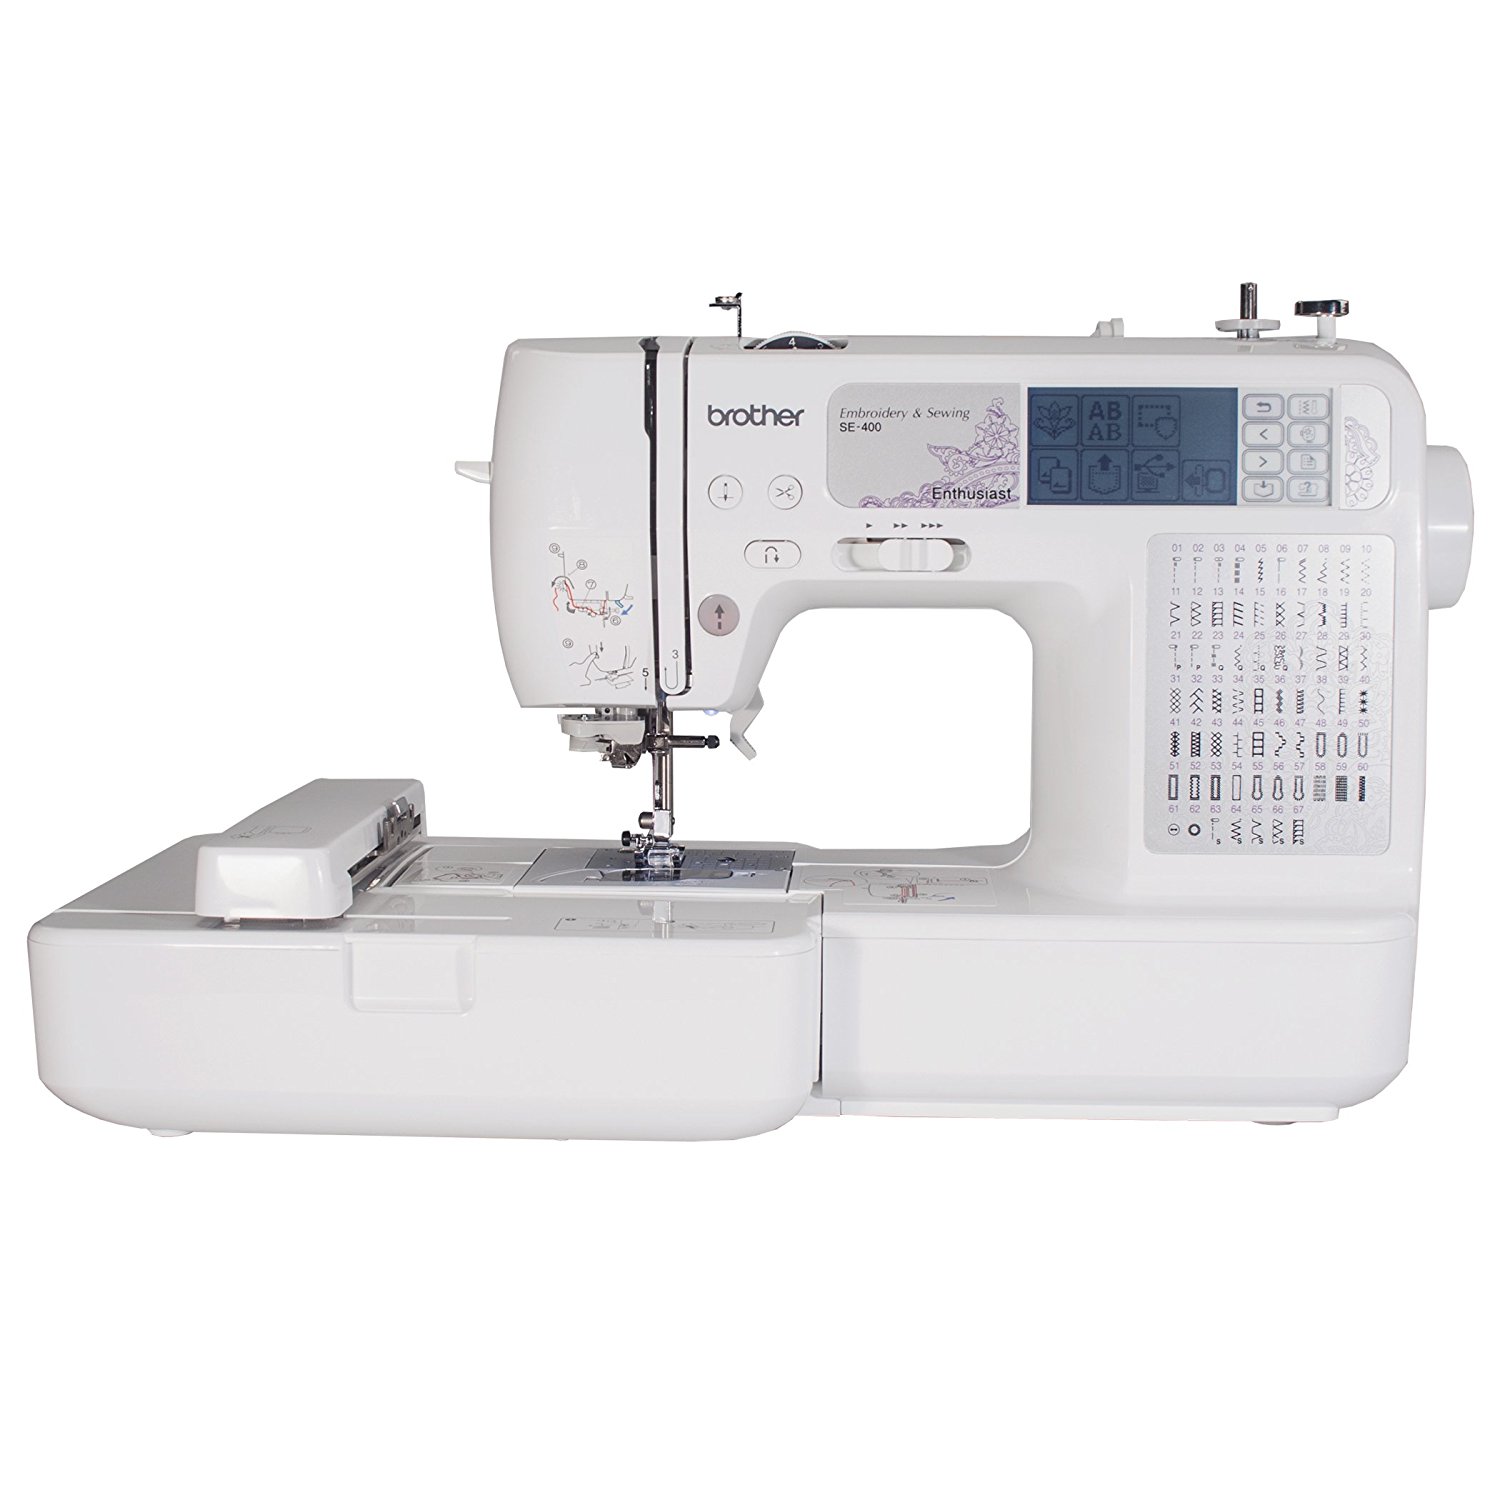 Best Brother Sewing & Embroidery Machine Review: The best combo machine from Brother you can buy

^^^^^^^^^^^^^^^^

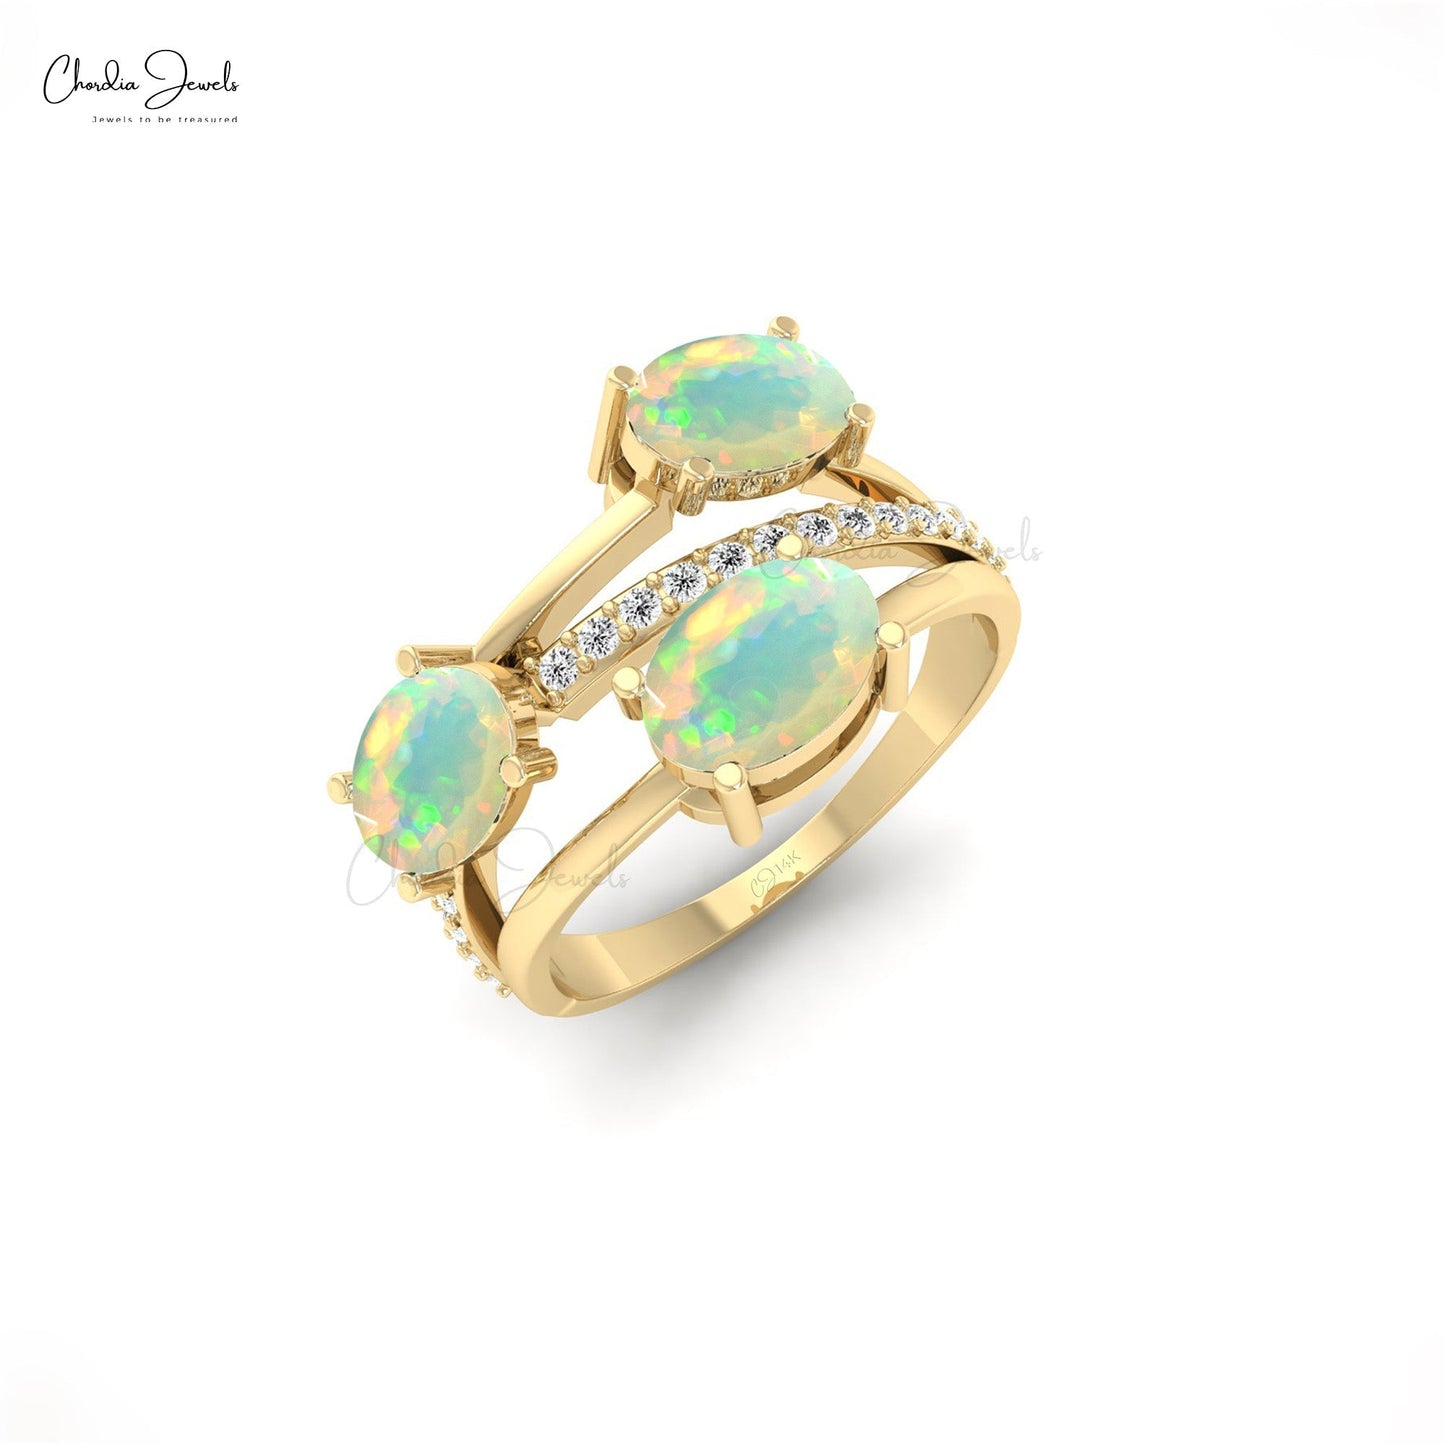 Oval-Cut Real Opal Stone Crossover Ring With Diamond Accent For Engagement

^^^^^^^^^^^^^^^^

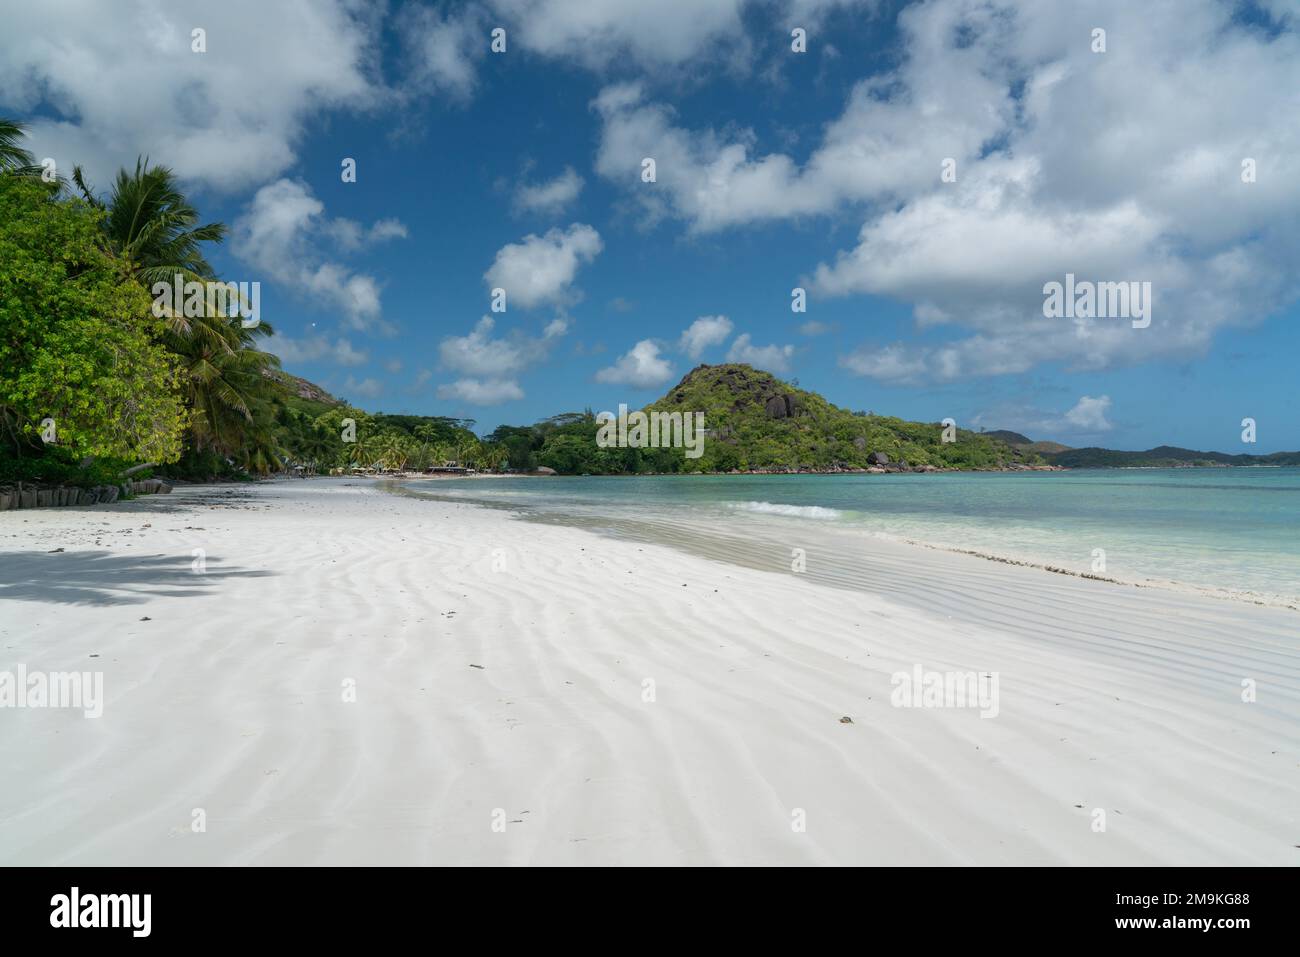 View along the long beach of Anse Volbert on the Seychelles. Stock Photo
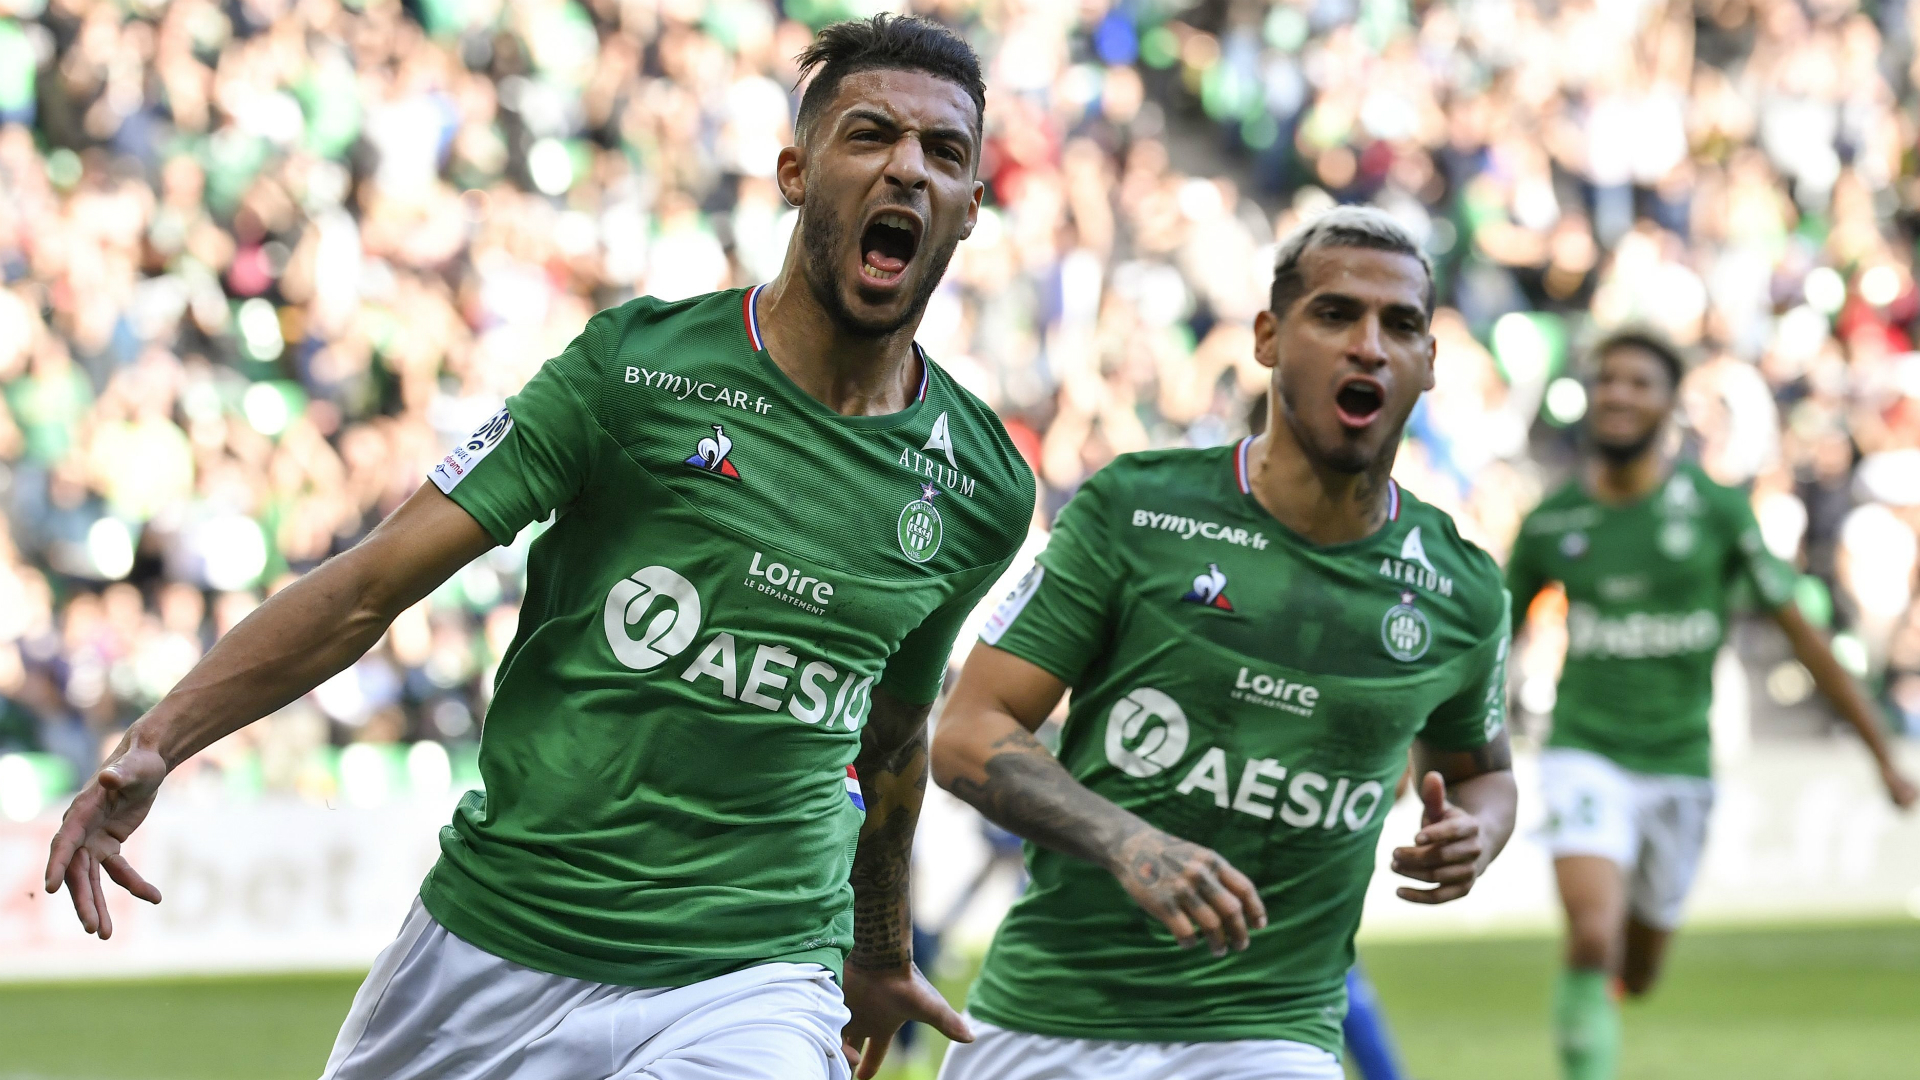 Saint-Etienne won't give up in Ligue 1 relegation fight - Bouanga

^^^^^^^^^^^^^^^^

■ **Aim of the exercise**: Return the material from the line containing "View along the" through the line containing "Saint-Etienne won't give", exactly and in full, but without its pictures.

■ **Response**:
 View along the long beach of Anse Volbert on the Seychelles. Stock Photo
 Saint-Etienne won't give up in Ligue 1 relegation fight - Bouanga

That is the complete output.